То ли от потрясения, то ли оттого, что мне захотелось смочить пересохшее горло, я взяла в руки бокал и пригубила вина.
– Ирен, но как же так… Неужели ты клонишь к тому, что не веришь в рай… в Бога?
– Скажем иначе: я верю в человечество. По крайней мере, в его часть. – Неожиданно моя собеседница улыбнулась: – Ты, лапочка, дочка священника и считаешь себя обязанной нести слово Божье, но не забывай, что находишься в обществе певички. Не жди от меня, что я стану серьезно, безо всякого шутовства рассуждать о столь серьезных вещах. Какая разница, о чем думаешь; главное – верить в то, что думаешь. Согласна?

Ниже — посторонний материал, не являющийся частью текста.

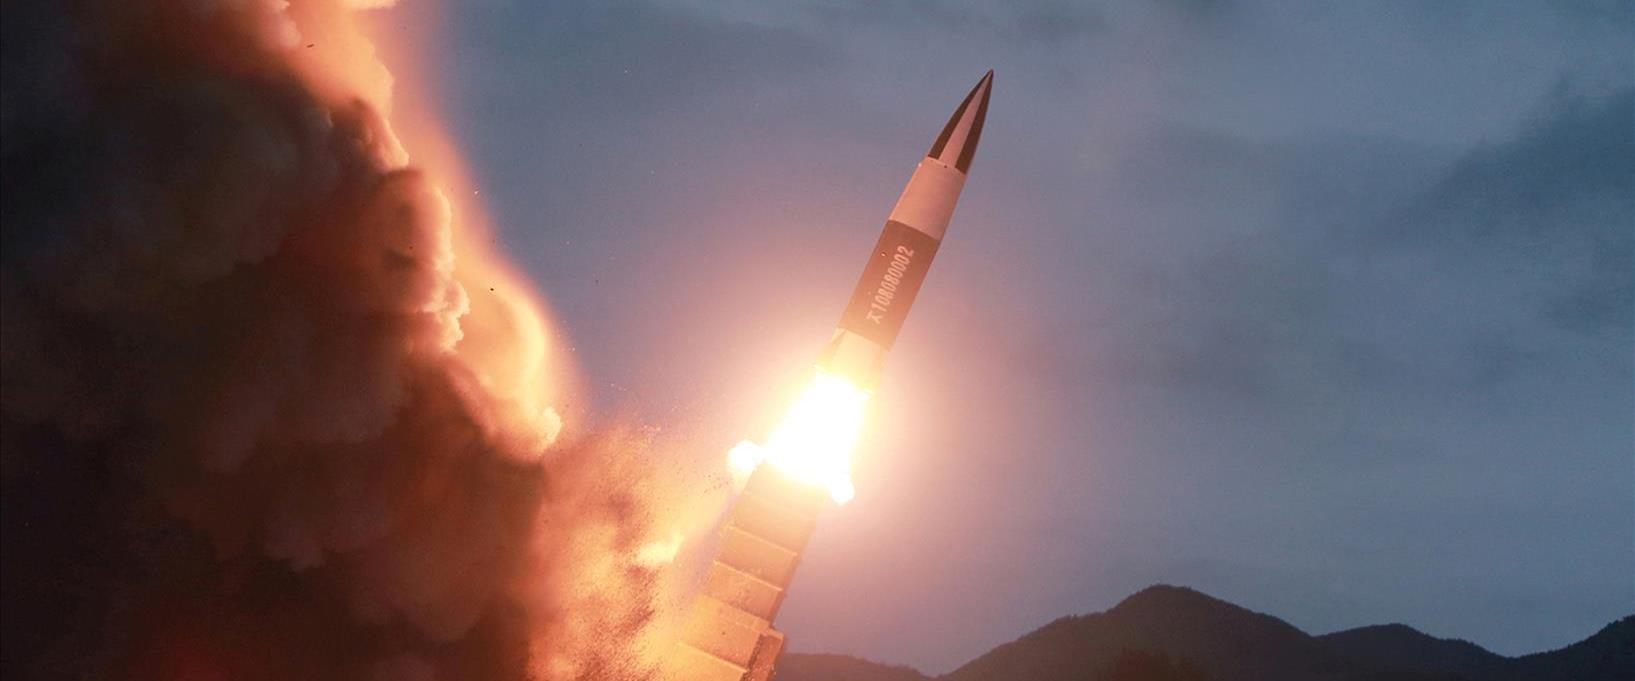 שיגור טילים בקוריאה הצפונית, הלילה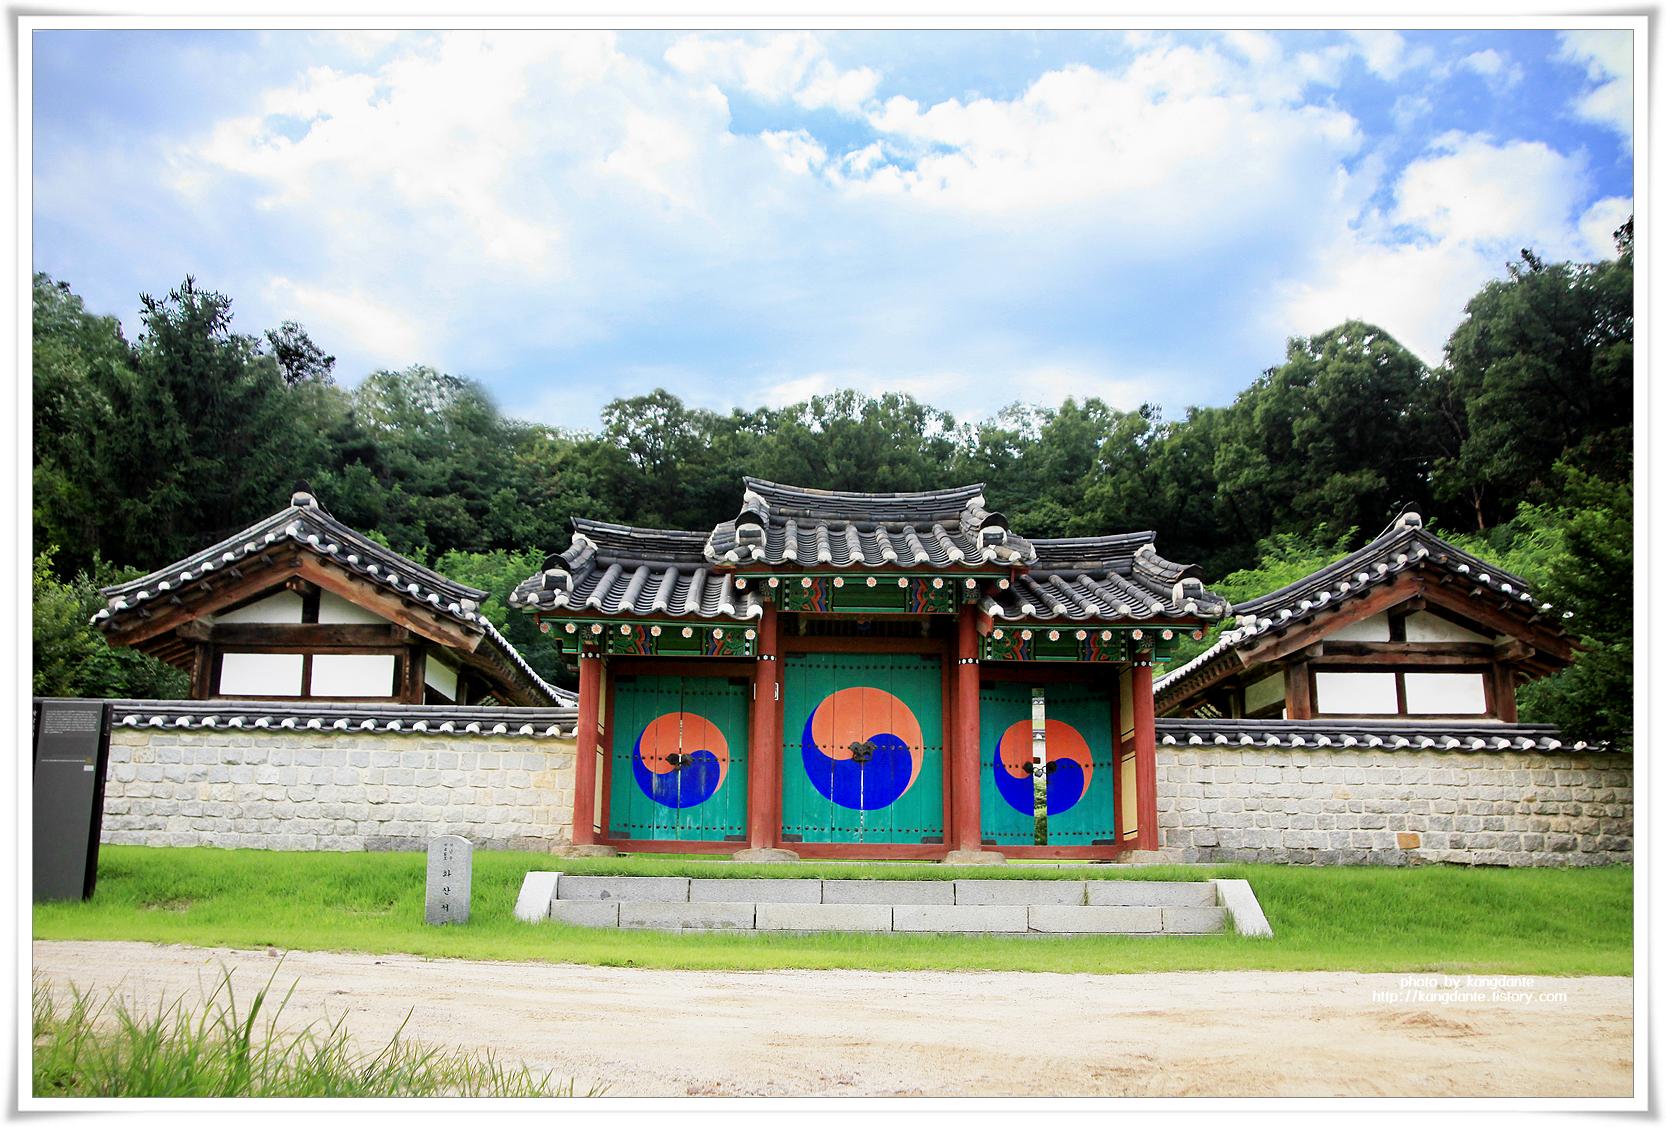 이항복(李恒福)의 학문과 덕행을 추모하는 화산서원(花山書院)

– Да, – кивнула я, чувствуя, как мои щеки в свете горящего в камине огня наливаются румянцем. Я сделала еще один глоток прохладного сухого вина и, почувствовав, как моему горлу становится легче, отправила в рот бутерброд с огурцом.
– Так вот, я думаю, что тебе некоторое время следует пожить у меня, – продолжила Ирен, подхватив с каминной решетки еще одну булочку.
– У меня нет денег.
– Так и у меня нет, – весело отозвалась она. – Ничего, найдешь работу. Лично я считаю, что наша встреча с мистером Хоупом – добрый знак, ведь его фамилия переводится как «надежда». Ты, наверное, знаешь, что мы, театральный люд, – народ суеверный. Послезавтра прослушивание в Хопвельском театре. Может, мне дадут роль. Ты тоже подыщешь себе место.
– Боюсь, что нет. – Я громко икнула, отчего у меня вылетело из головы, что я собиралась сказать дальше.
– Подыщешь, куда ты денешься.
– У меня нет рекомендации с последнего места работы. Все те рекомендательные письма, что у меня имеются, я получила, когда служила гувернанткой.
– Нашла о чем переживать. Нет рекомендации? Да я ее тебе сама напишу! – Ирен подвернула рукав халата и потянулась за пером.
Я снова икнула, и на этот раз звук оказался пугающе похож на всхлип.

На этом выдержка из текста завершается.